1. The Kazakh legislation on the fight against terrorism and its financing widely uses the legally vague term “extremism” in addition to the term “terrorism”.

As a result, e.g., the Law of the Republic of Kazakhstan, 2009 “On Countering the Legalization (Laundering) of Proceeds from Crime and the Financing of Terrorism”, despite its name, mentions the term “extremism” in a number of its articles, in particular, in Article 12 “Targeted Financial Sanctions to Prevent and Avoid Terrorism and its Financing”. Furthermore, in addition to 1999 RK Law on Countering Terrorism, there is a separate 2005 RK Law on Countering Extremism.

Finally, the Criminal Code of the Republic of Kazakhstan contains 12 articles that establish the criminal liability for the so-called “extremist crimes”, including Article 174 “Inciting Social, National, Tribal, Racial, Class or Religious Discord”, Article 179 “Propaganda or Public Calls for Takeover or Retention of Power, or Forcible Change of the Constitutional System of the Republic of Kazakhstan”, Article 182 “Creation, Leadership of, or Participation in an Extremist Group”, Article 258 “Financing of Terrorist or Extremist Activities or Other Aiding Terrorism or Extremism”, Article 260 “Undergoing Terrorist or Extremist Training”, Article 404 “Creation, Management and Participation in Illegal Public or Other Associations” (parts 2 and 3), and Article 405 “Organization and Participation in a Public or Religious Association or Other Organization after a Judgement on Prohibition or Liquidation Thereof due to the Extremist or Terrorist Activities Practicing thereby”.

Persons found guilty of committing “extremist” crimes are often subjected to additional punishment in the form of a ban on engaging in “social activities”. Given that the Kazakh law does not define the term “social activity”, the courts impose prohibition on such persons, for example, to organize or participate in peaceful assemblies, use the Internet or participate in the activities of public organizations.

Finally, based on Article 12 of the RK Law On Countering the Legalization (Laundering) of Proceeds from Crime and the Financing of Terrorism, a List has been created containing entities and individuals associated with the financing of terrorism or extremism, such List being automatically updated with names of all persons convicted of all terrorist or extremist crimes, regardless of whether they were involved in the financing of terrorism or not.
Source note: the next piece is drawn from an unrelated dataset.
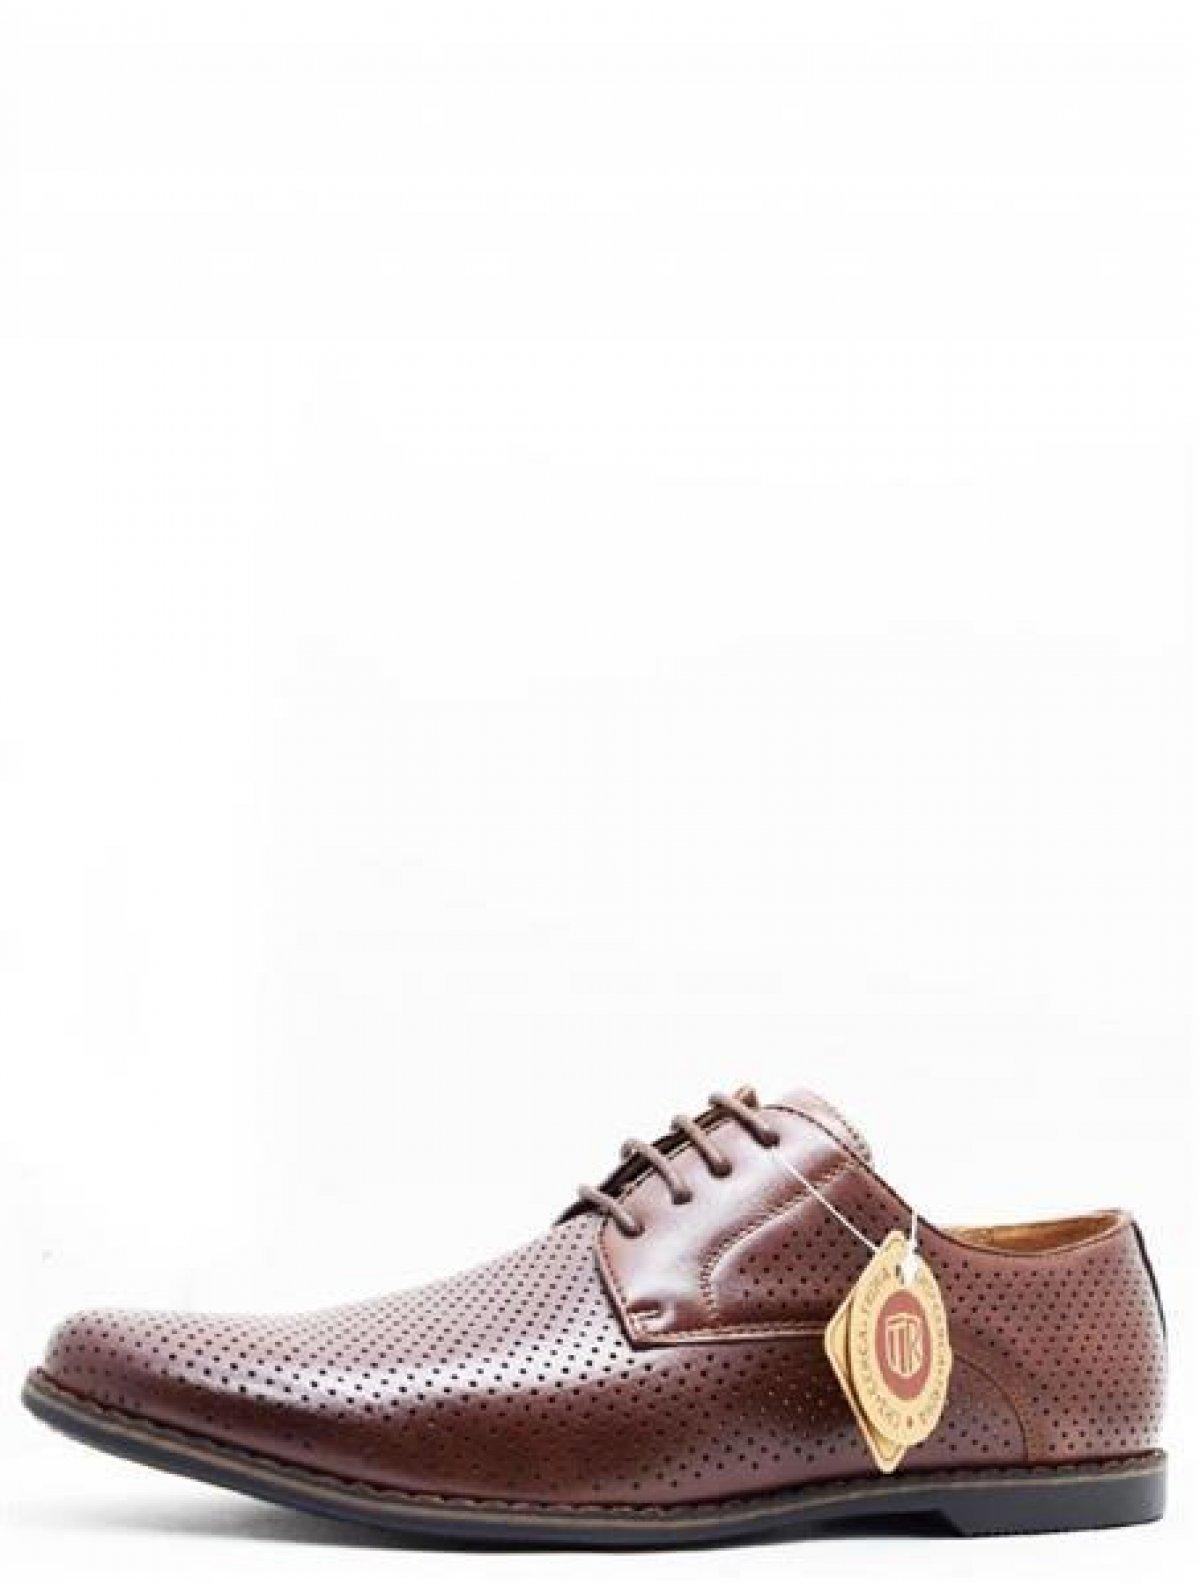 167012/01-02 мужские туфли

The persons included in the List remain listed therein until the end of their criminal record, that is, the entire term of punishment plus the term of possible additional punishment in the form of deprivation of the right to engage in public activities, which may be imposed for a period of 1 to 10 years, plus a criminal record term of 6 or 8 years, depending on the severity of the crime. That is, after the end of the term of punishment (usually in the form of imprisonment), a person remains included on the List for several years, which may be up to 18 years.

The List restricts persons included therein from withdrawing money from bank accounts (only in the amount of a minimum wage per family member per calendar month), the ability to open a business or work as an individual entrepreneur, enter insurance contracts and imposes a number of other restrictions.

Such use of the term “extremism” is substantially similar, in terms of legal consequences and restrictions, including in the financial sphere, to the use of the term “terrorism” and has a direct adverse impact on the civil society and human rights and freedoms, in particular on the freedom of speech and expression, freedom of association and peaceful assemblies and other rights.

These problems were highlighted by the UN Special Rapporteur on the rights to freedom of peaceful assembly and freedom of association, who visited Kazakhstan in 2015 (A/HRC/29/25/Add.2*), the UN Special Rapporteur on the promotion and protection of human rights and fundamental freedoms in the context of the fight against terrorism, who visited Kazakhstan in 2019 (A/HRC/43/46/Add.1), as well as by the UN Human Rights Committee in 2016 upon reviewing the periodical report of the Republic of Kazakhstan on the implementation of the International Covenant on Civil and Political Rights (CCPR/C/KAZ/CO/2).

Recommendation. To exclude the term “extremism” from the laws of the Republic of Kazakhstan as being extremely vague, undefined legally and clearly and used in breach of the International Convention for the Suppression of the Financing of Terrorism, where such term is not used, and FATF Recommendation 8, which does not use such term either. 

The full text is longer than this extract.